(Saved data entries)
+ + +
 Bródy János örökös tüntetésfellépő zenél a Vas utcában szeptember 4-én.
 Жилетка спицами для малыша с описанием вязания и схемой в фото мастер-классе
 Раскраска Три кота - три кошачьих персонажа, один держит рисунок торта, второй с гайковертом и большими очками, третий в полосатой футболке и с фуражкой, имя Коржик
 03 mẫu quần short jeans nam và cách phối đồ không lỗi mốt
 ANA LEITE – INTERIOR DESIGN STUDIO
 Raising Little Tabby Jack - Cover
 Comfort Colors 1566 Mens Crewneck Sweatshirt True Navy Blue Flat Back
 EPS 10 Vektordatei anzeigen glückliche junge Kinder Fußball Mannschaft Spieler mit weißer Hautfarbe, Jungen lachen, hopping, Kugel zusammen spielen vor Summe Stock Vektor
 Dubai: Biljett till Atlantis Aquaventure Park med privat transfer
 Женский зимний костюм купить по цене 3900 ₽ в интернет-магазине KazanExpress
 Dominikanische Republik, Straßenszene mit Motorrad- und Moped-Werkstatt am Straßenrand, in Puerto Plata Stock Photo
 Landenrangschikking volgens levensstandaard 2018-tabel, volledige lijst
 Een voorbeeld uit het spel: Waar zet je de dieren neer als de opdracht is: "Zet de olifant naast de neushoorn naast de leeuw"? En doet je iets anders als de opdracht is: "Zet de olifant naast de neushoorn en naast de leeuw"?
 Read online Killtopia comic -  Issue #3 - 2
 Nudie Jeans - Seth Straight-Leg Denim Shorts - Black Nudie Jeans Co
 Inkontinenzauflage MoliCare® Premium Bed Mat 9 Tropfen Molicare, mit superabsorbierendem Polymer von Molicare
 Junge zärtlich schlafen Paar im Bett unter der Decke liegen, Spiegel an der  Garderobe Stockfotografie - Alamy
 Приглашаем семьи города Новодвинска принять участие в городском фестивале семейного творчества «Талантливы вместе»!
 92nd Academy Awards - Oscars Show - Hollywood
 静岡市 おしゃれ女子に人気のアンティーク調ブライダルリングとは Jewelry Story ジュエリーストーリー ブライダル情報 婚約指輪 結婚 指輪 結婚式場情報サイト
+ + +
AIM OF THE TASK: Repeat the entries above verbatim, but only from the line that has "Junge zärtlich schlafen" down to the line that has "92nd Academy Awards", inclusive.

ANSWER TO THIS PROBLEM:
 Junge zärtlich schlafen Paar im Bett unter der Decke liegen, Spiegel an der  Garderobe Stockfotografie - Alamy
 Приглашаем семьи города Новодвинска принять участие в городском фестивале семейного творчества «Талантливы вместе»!
 92nd Academy Awards - Oscars Show - Hollywood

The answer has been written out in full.